### Task brief
Among the entries that follow, locate the line with "The computer cuts" and the line with "STUDEBAKER Vintage 1941". Output those lines and all lines in between, exactly, minus the pictures.

### Dataset records
BEGIN

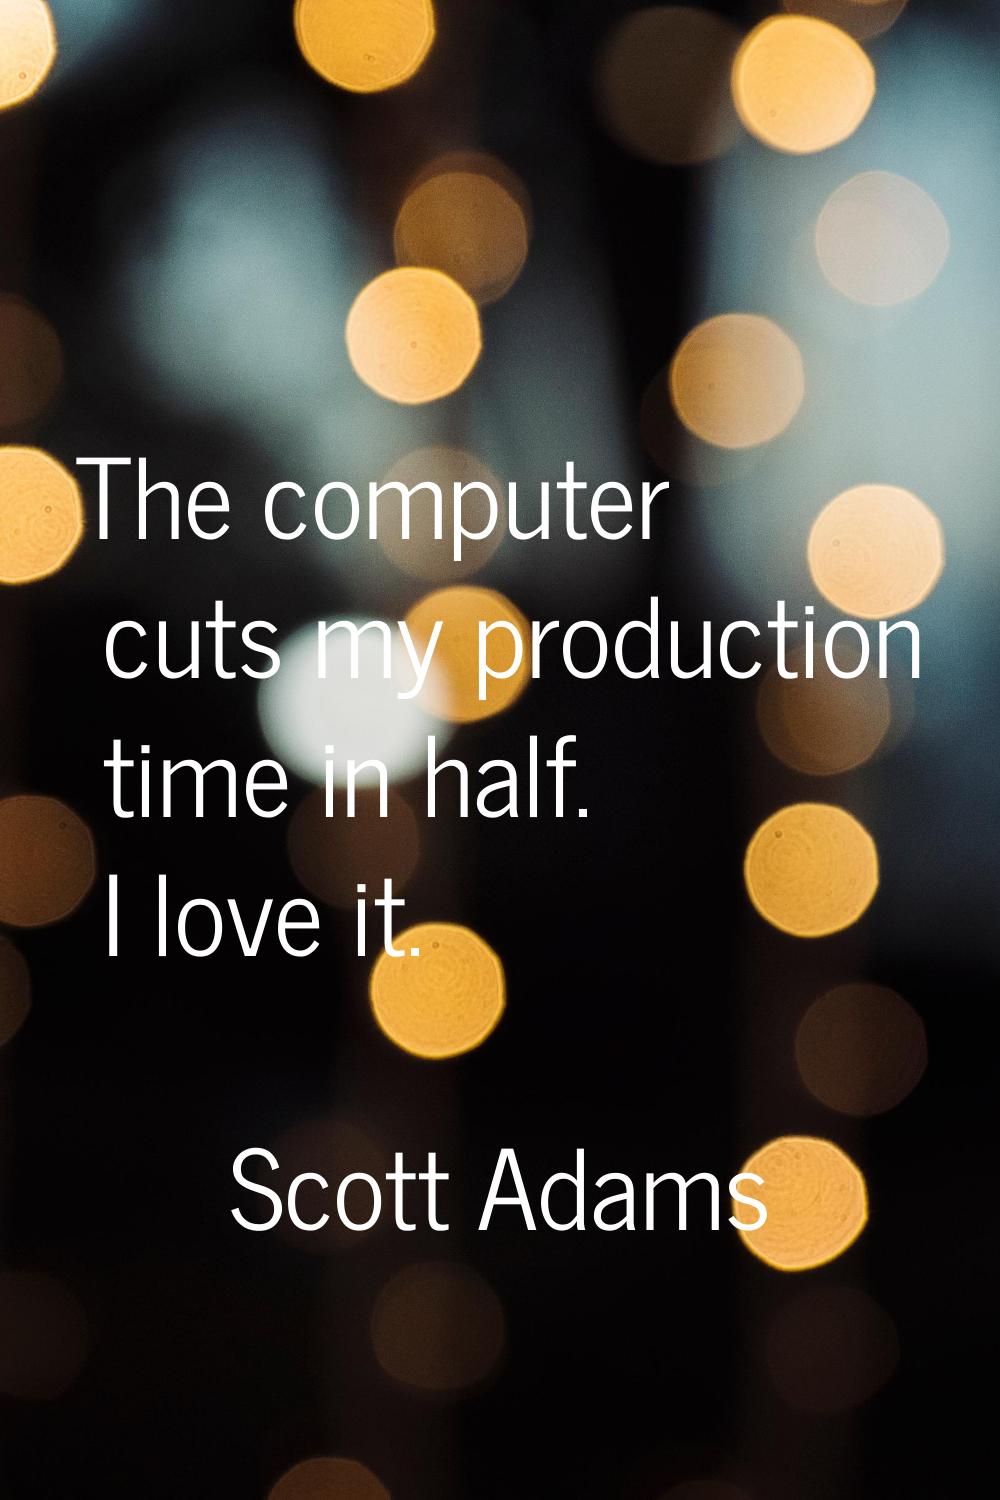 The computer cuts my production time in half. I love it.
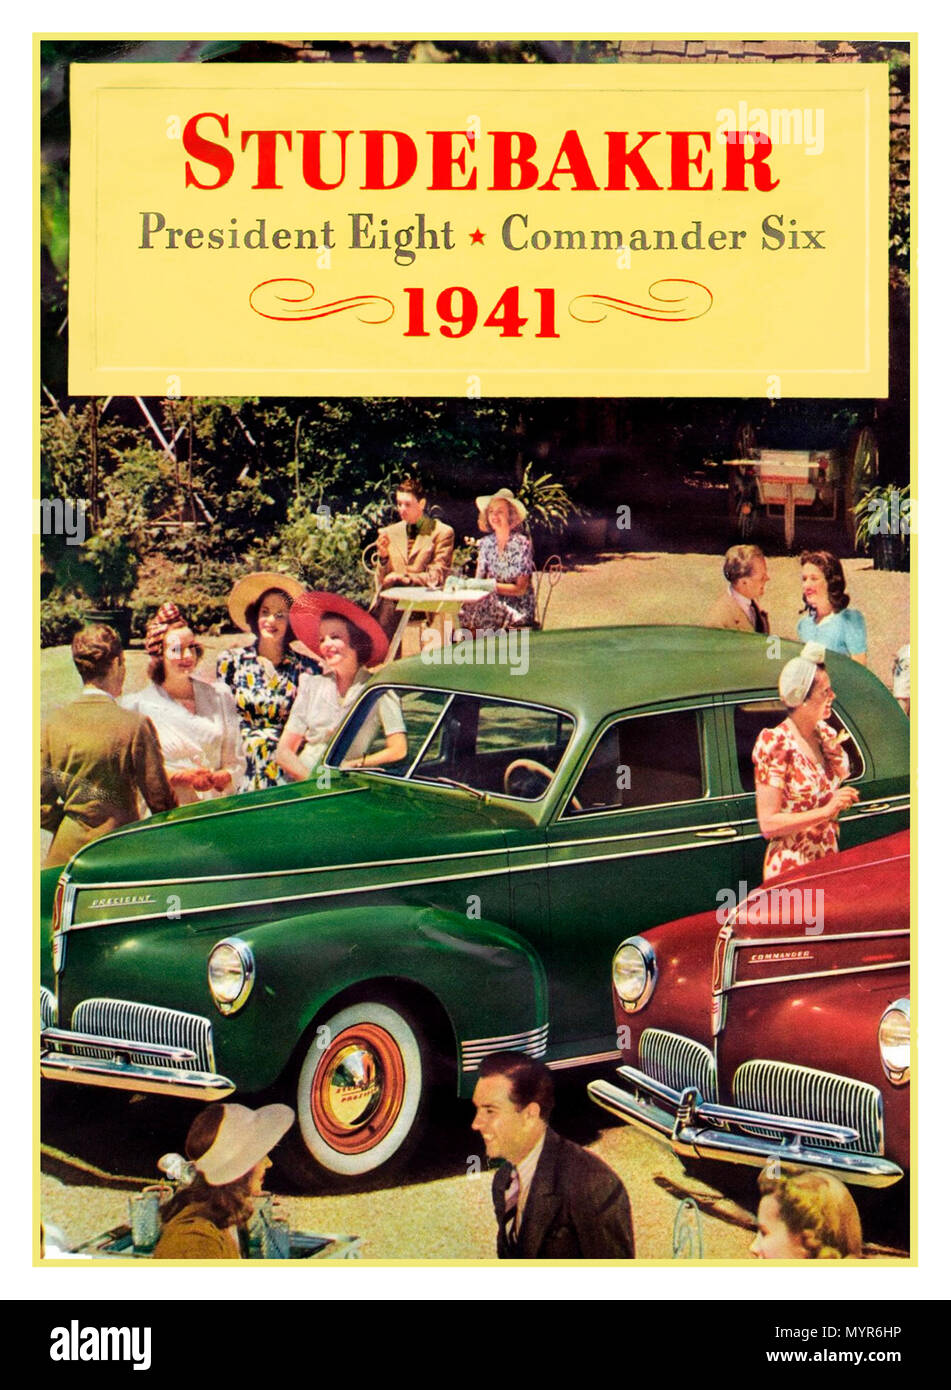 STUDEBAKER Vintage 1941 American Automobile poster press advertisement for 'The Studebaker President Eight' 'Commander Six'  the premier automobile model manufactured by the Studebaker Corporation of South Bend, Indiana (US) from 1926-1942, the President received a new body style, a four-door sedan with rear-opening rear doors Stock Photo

END
BEGIN

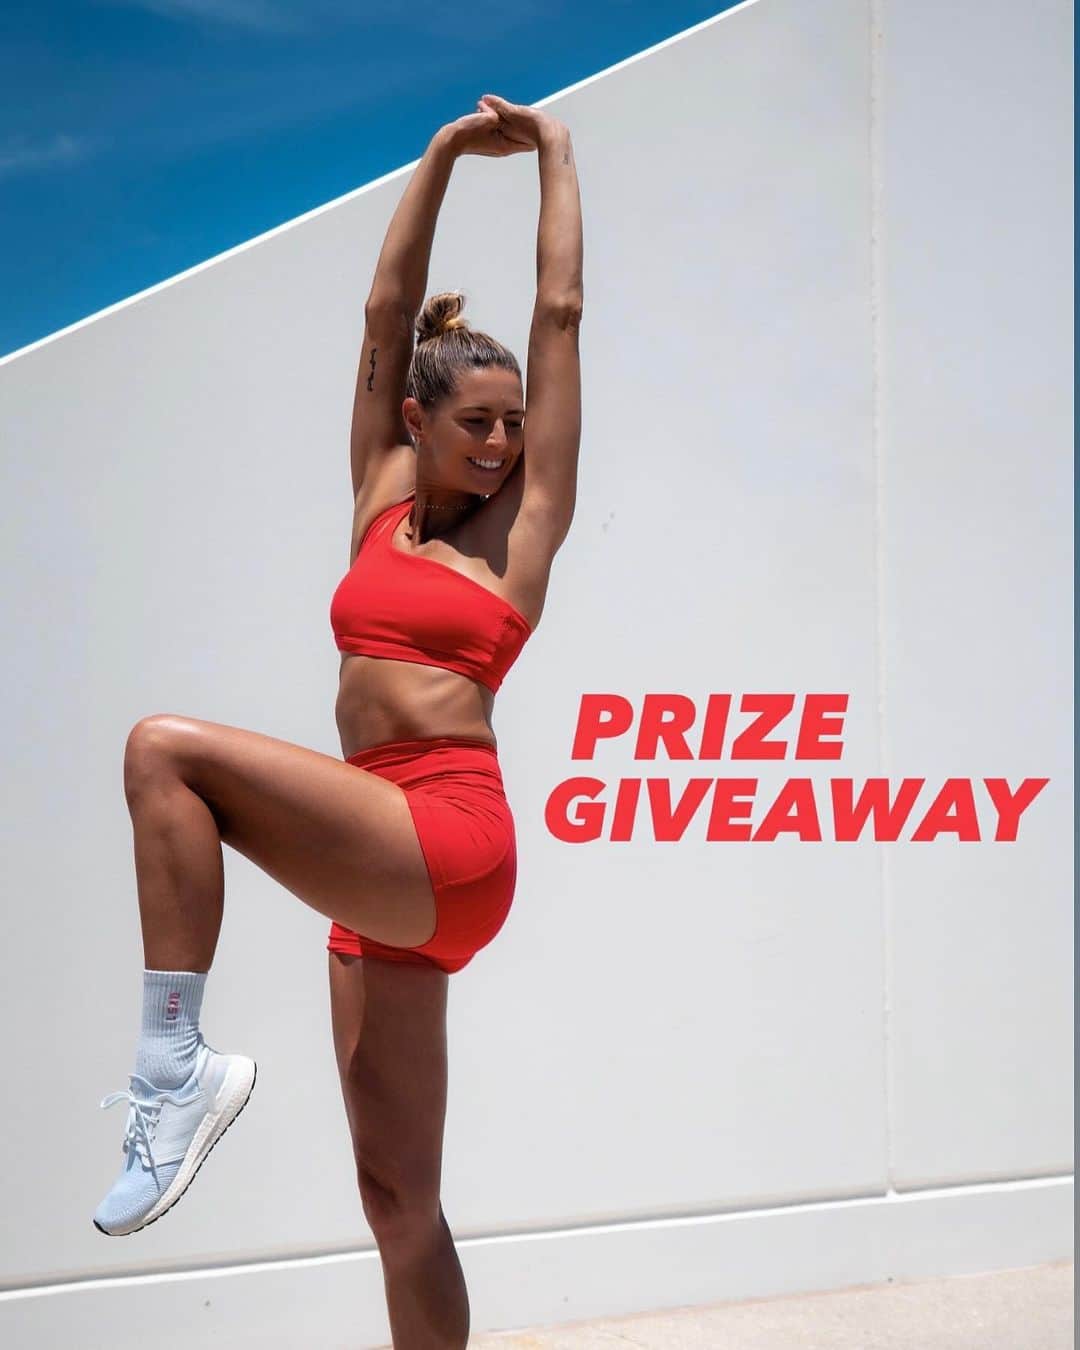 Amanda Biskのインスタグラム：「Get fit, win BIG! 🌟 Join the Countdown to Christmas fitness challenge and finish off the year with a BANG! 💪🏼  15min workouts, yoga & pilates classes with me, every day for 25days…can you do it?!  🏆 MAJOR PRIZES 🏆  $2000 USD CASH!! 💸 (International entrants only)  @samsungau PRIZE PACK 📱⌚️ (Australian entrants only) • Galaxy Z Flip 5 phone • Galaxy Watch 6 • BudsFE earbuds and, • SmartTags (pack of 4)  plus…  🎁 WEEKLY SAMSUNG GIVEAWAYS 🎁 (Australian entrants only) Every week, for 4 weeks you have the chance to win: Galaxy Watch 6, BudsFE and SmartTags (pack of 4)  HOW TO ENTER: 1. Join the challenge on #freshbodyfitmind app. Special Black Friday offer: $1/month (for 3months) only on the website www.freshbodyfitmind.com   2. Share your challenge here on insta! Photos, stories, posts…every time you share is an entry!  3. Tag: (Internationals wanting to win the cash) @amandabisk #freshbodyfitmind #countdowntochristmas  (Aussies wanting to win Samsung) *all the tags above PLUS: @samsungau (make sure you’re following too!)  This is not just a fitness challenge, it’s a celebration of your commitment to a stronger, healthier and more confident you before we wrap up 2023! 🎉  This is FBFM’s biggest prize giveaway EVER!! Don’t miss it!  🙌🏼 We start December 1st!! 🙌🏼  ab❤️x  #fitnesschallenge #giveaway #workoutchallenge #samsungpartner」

END

### Solution for this exercise
 The computer cuts my production time in half. I love it.
 STUDEBAKER Vintage 1941 American Automobile poster press advertisement for 'The Studebaker President Eight' 'Commander Six'  the premier automobile model manufactured by the Studebaker Corporation of South Bend, Indiana (US) from 1926-1942, the President received a new body style, a four-door sedan with rear-opening rear doors Stock Photo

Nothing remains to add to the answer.